This heading does require some explanations, and these can be found in an interesting posting on the Danish web site Haandbold.com, where a Danish handball player, Erik Junge Madsen, reports about his 'exotic' experience. http://test.haandbold.com/blog/eksterne-bloggere/2010-04-26-haandbold-og-miljoe
For the most part, handball is played at a rather modest level and under poor conditions in Kenya. It is a sport without long traditions and it does not really exist outside the capital Nairobi. The championship format consists of tournaments, with one final weekend event where the top six teams play each other in a round-robin format.
The recently completed championship event took place in an exciting atmosphere with a very noisy and supportive crowd of around 700 in a sold-out stadium. As Junge Madsen reports, the rules interpretation may not have been quite what one expects in IHF or Danish games, with physical action that "would be more cause for police interference than a mere yellow card."

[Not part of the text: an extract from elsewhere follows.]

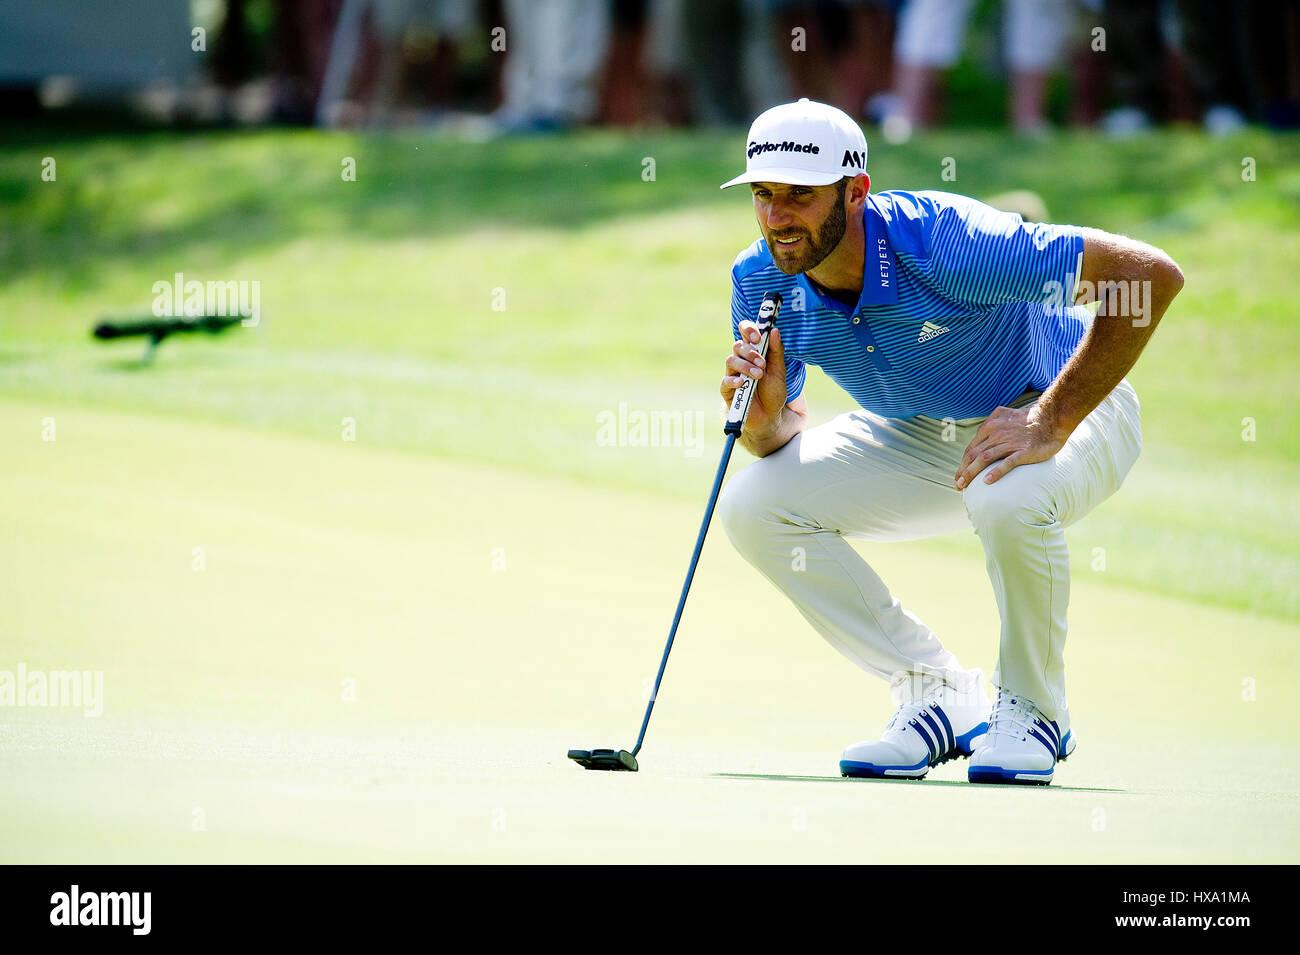 Austin, Texas, EE.UU. 26 de marzo de 2017. Dustin Johnson en acción en los Campeonatos del Mundo de Golf Tecnologías Imagen De Stock

While some of the participating teams come from very poor or outright dangerous settings and have to prepare under miserable conditions, there are some teams that are really 'professional' in the old Eastern European sense. This means that the teams are owned by large corporations and government agencies, so that the players can really train and prepare on an almost full-time basis.
Two such teams, Cereals and Ulinzi, qualified for the men's final, where Cereals came out a winner by a close margin, 28-27. Cereals belongs to a government agency and Ulinzi is a team from the military. Cereals also won the women's championship, and they have been the dominating team for many years in both categories.
Junge Madsen and his colleagues on the Nairobi University team got the bronze medals; their players are able to practice (outdoors) 3 times per week, depending on traffic and weather… The sixth-place team. Black Mambas, deserves particular mention as the only 'European-style' club team, with both a senior and a junior squad, trying to foster its own talents.